In determining whether pins should be buried or left exposed, this should be considered on an individualized basis, with excessive adjacent soft tissue movement posing greatest threat for pin site infection with exposed pins. We recommend relief of any tension at the skin–pin interface. Buried smooth pins may minimize the incidence of pin migration or pin site infections. With buried pins, it is essential to ensure pins are sufficiently deep to not compromise overlying soft tissue, with the obvious disadvantage of requiring a secondary surgery with anesthesia to remove the pins, whereas pins that are left percutaneously may be removed in the office setting.

Postoperatively, we recommend sling immobilization, with or without a swath component, or a supportive abduction pillow, for 4 to 8 weeks, with adequate fracture stability often obtained after this period due to early healing.

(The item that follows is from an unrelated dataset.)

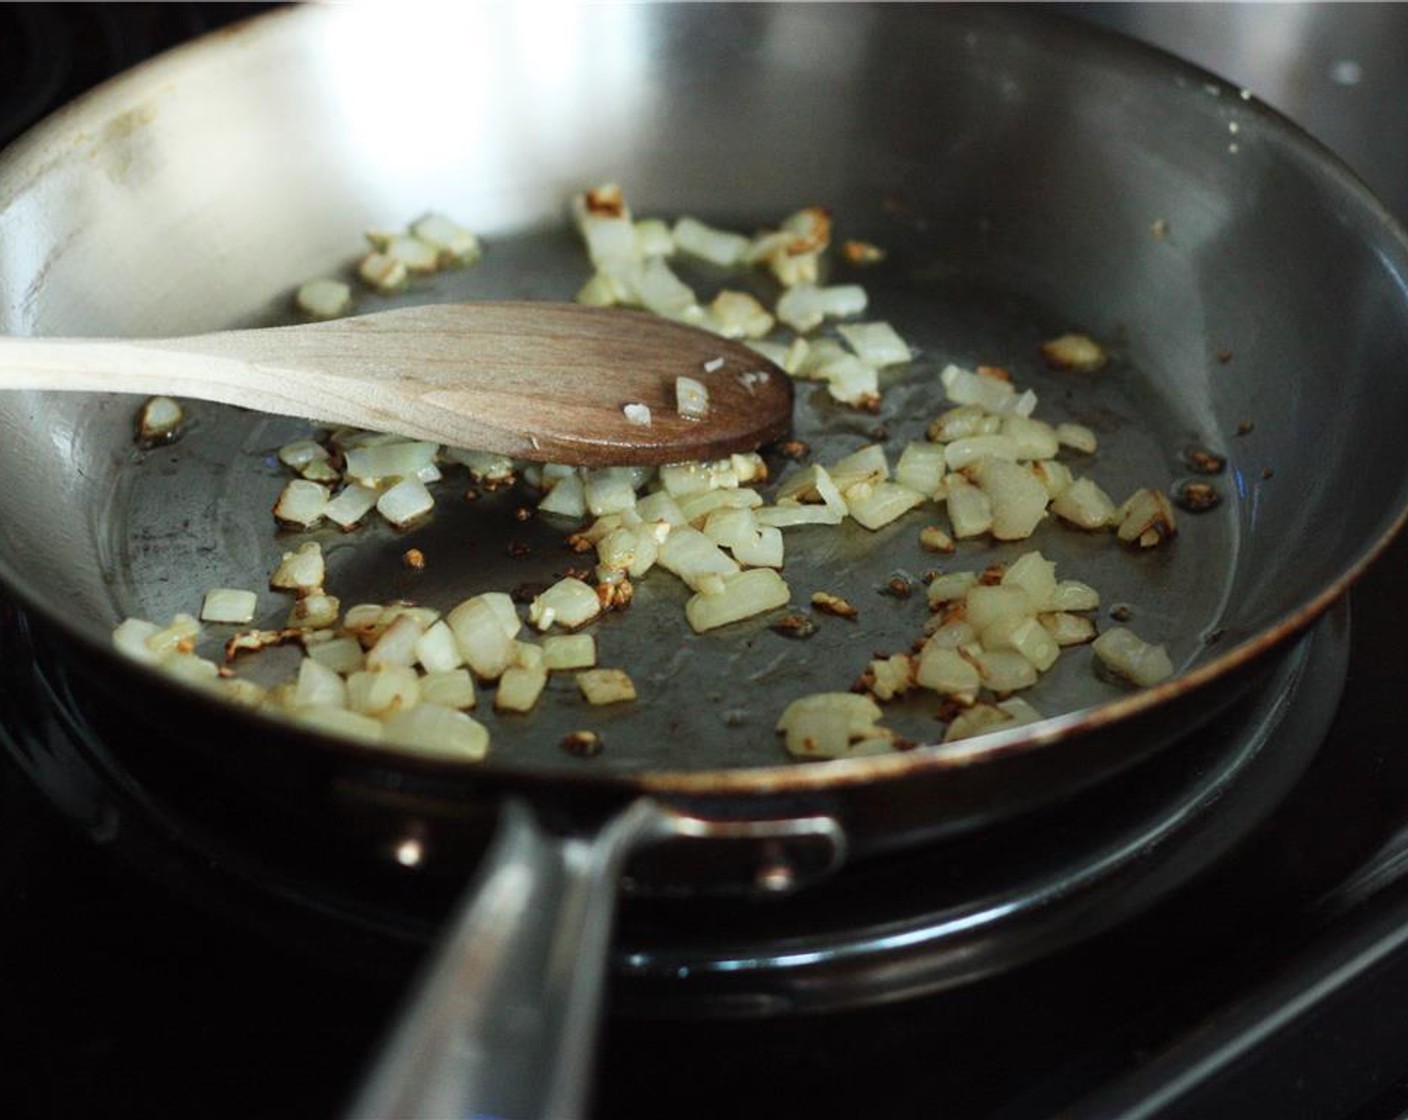 step 1 Heat Olive Oil (1 tsp) in a small saucepan over medium heat. Add Yellow Onion (1/2 cup) and Garlic (2 cloves), and cook until onion is translucent and garlic has just a bit of color.

Percutaneous Cannulated Screw Fixation

Although less commonly used, historically, than smooth k-wire fixation, some emerging literature and technique papers have led to increased popularity of screw fixation, which may be particularly suited for older adolescents. The technique is fairly similar to the smooth k-wire technique but involves smaller wires that serve as guidewires for the cannulated drill and screws, which may be fully threaded or partially threaded, with 4.5-mm diameter cannulated screws representing the most commonly utilized size.

Elastic Stable Intramedullary Nailing

ESIN is typically performed retrograde, with two lateral entry nails placed through an entry point proximal to the olecranon fossa. Nail diameter is predicted preoperatively based on the goal of 60% to 80% canal fill at the isthmus. Nail diameter can be additionally confirmed prior to incision by laying the nail over the humerus and radiographically ensuring appropriate canal fill. A 2-cm skin incision is made proximal to the lateral epicondyle of the humerus. Blunt dissection is carried down to bone, which minimizes the risk of injury to the lateral antebrachial cutaneous and radial nerves. The lateral cortex is penetrated obliquely in a distal to proximal direction with a drill or awl, and the first nail is advanced gently to fracture site. Care is taken to avoid perforation of the opposing cortex. A second nail is inserted into an adjacent lateral cortex insertion point and advanced in similar fashion. Under fluoroscopic guidance, the fracture is reduced, and the nails are slowly malleted beyond the fracture site into the proximal fragment and appropriately rotated for divergence, to complement desired alignment and counteract tendency for varus collapse. Attention must be given to avoid fracture overdistraction and ensure the nails do not wind around each other during rotation. Once final fixation has been achieved, dynamic fluoroscopic assessment with the arm in different positions is warranted to confirm fracture and construct stability and to rule out cortical or joint violation. Following satisfactory fixation, nails are cut near their distal cortical insertion point, approximately 5 to 10 mm from the cortex, to minimize adjacent soft tissue irritation and to maintain access for future retrieval.

Antegrade nails are not advocated in skeletally immature patients, as they would have to cross the proximal physis and/or rotator cuff. Medial epicondylar entry points are typically avoided, due to proximity to the ulnar nerve.

Plate Osteosynthesis

Plate osteosynthesis is much less common in skeletally immature patients. Given the need for open approach for fixation, we recommend this be performed in a biologically friendly manner, with emphasis on preservation of periosteum and soft tissue, and care taken with screw fixation to minimize risk of joint penetration and physeal-sparing screw placement.